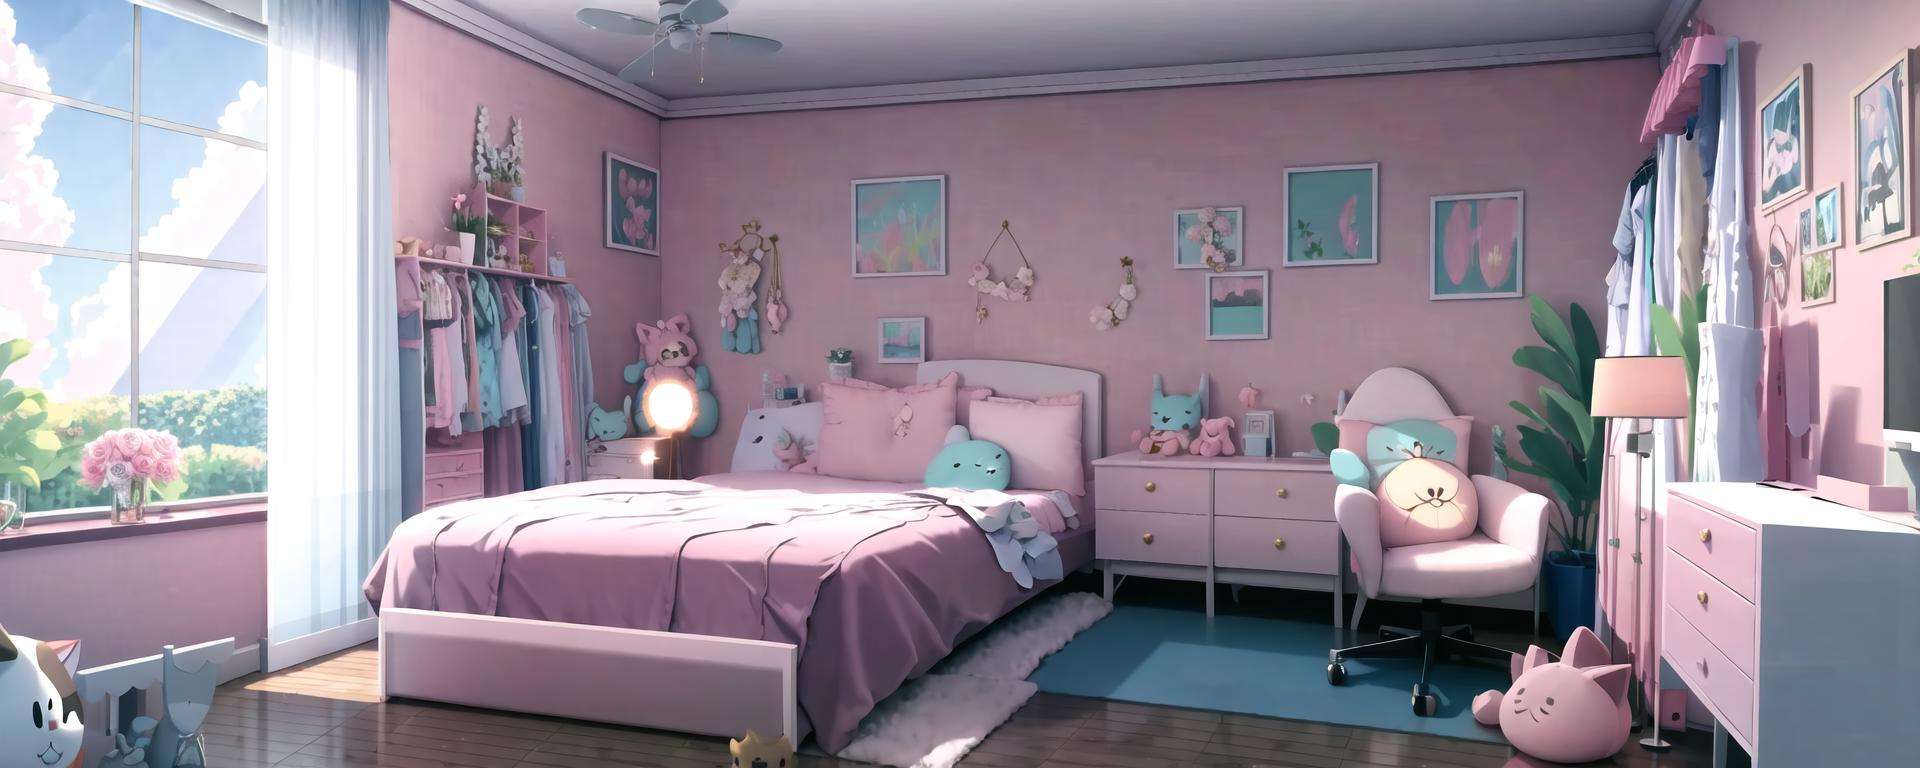 Bare thigh,extremely detailed CG unity 8k wallpaper,illustration,lens 135mm,masterpiece, best quality, no humans, flower, virtual youtuber, indoors, bed, pillow, window, stuffed toy, girl’s bedroom,table, cat, stuffed animal, bell, chair, curtains, cloud, microphone, rose, day, white flower, neck bell, english text, sky, plant, scenery,pink tone ,no human<lora:room:1>
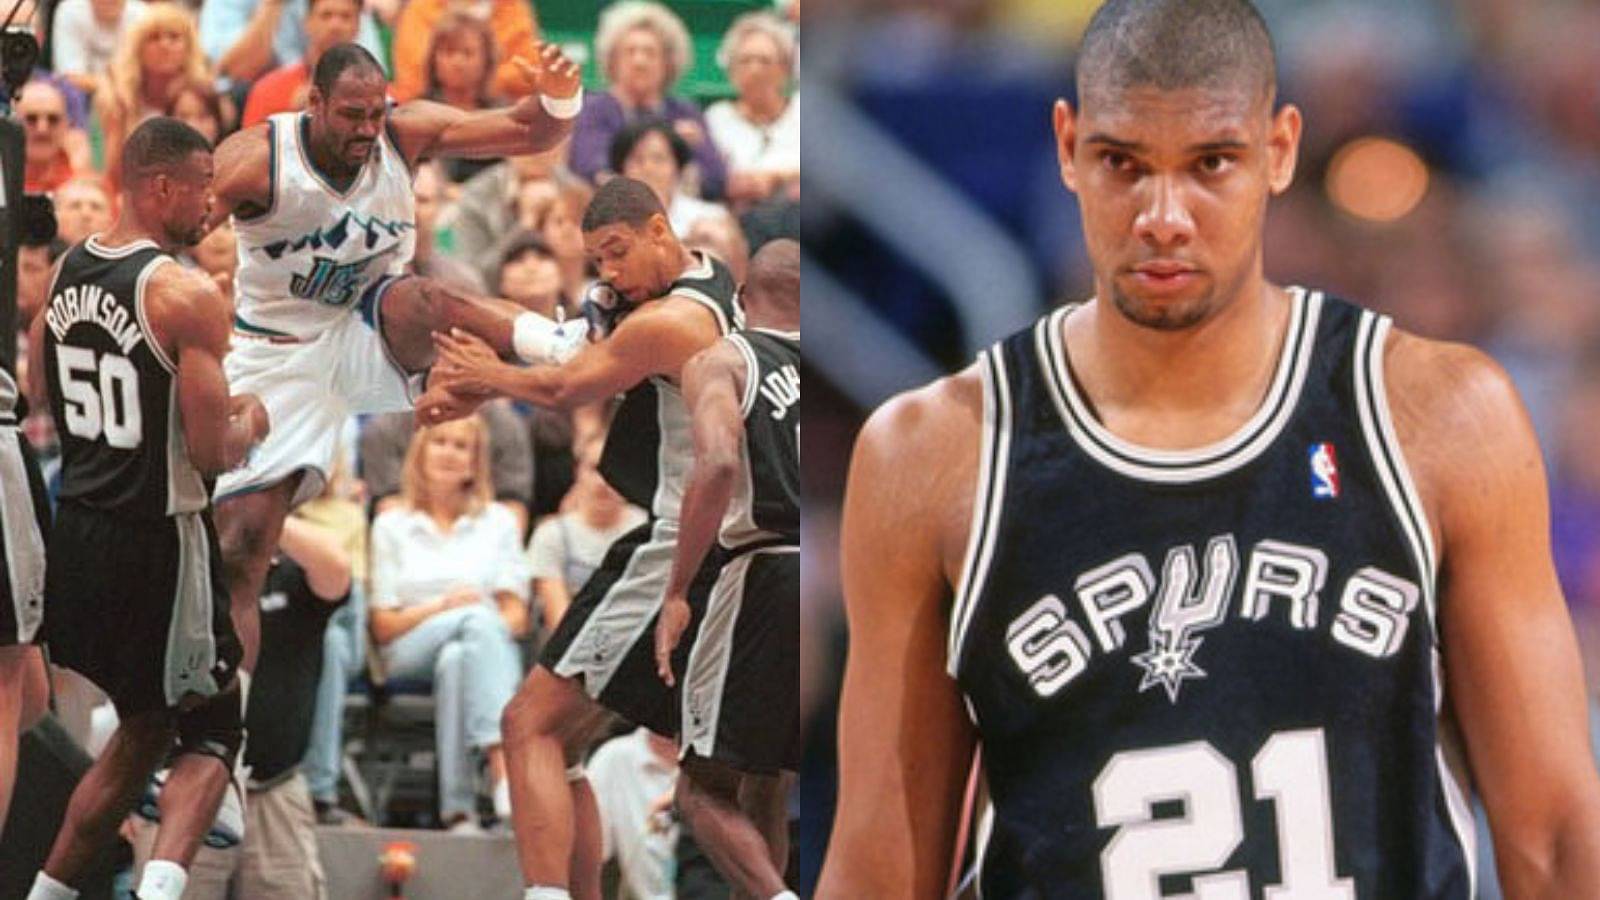 6ft 11” rookie Tim Duncan lived to see another day as 6’9”, 260 lbs Karl Malone kicked him in the face
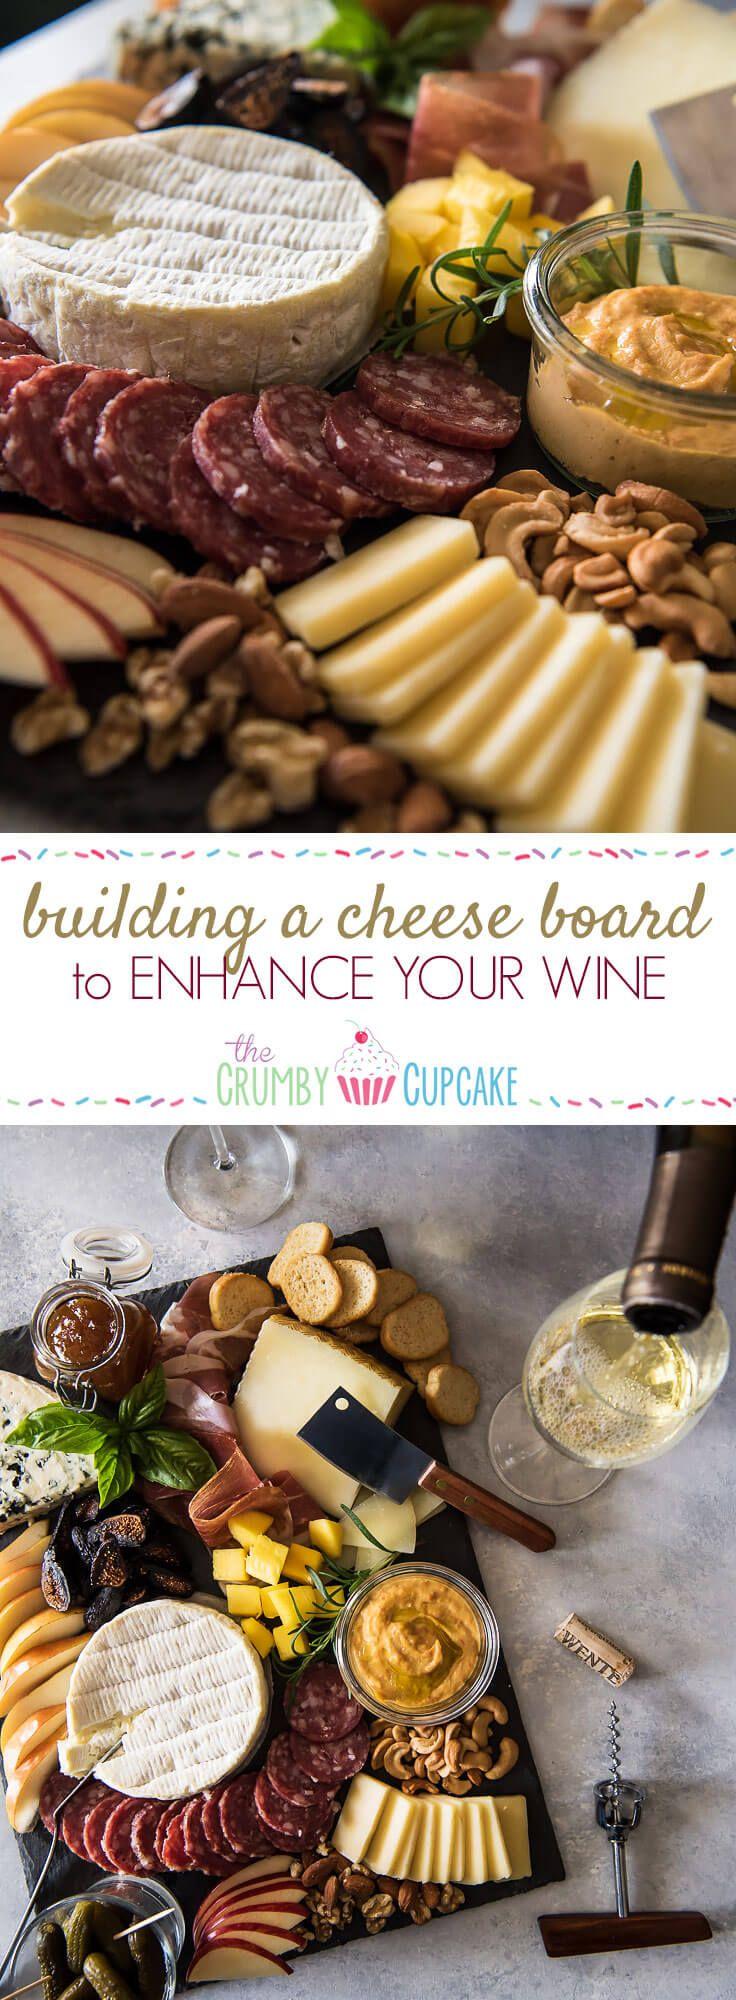 Hochzeit - How To Build A Cheese Board To Enhance Your Wine
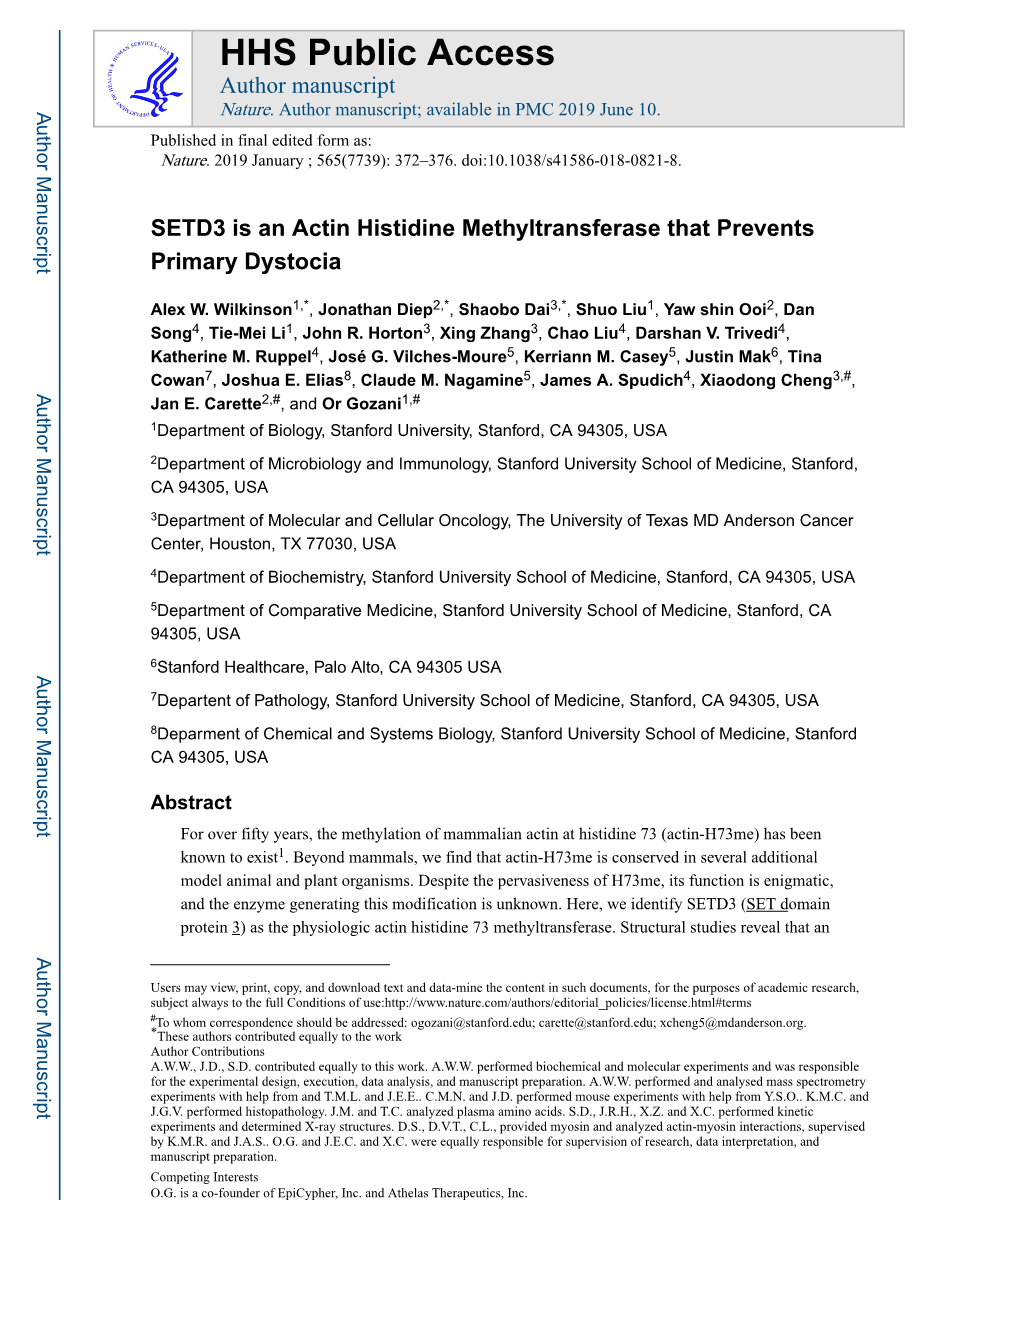 SETD3 Is an Actin Histidine Methyltransferase That Prevents Primary Dystocia
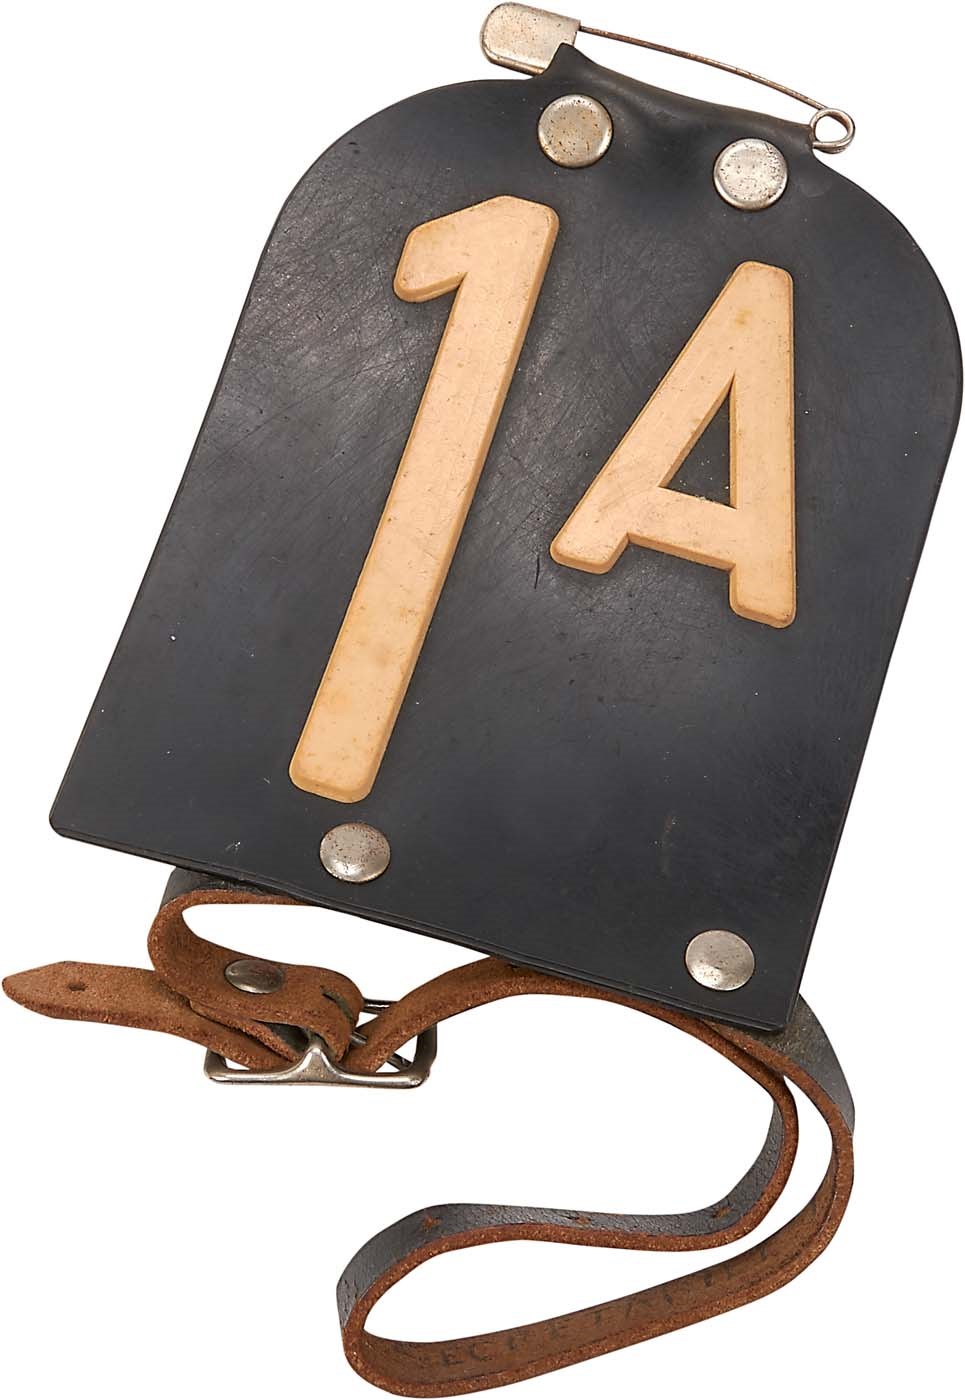 - ​1973 Secretariat Kentucky Derby Armband Worn by Ron Turcotte (Photo-Matched)​

• • •

__What you have to do__:
Transcribe the span of lines that runs from the line with "SETD3 Is an" to the end of the data, both ends included, exactly, with nothing else and no pictures.

__Answer__:
 SETD3 Is an Actin Histidine Methyltransferase That Prevents Primary Dystocia
 - ​1973 Secretariat Kentucky Derby Armband Worn by Ron Turcotte (Photo-Matched)​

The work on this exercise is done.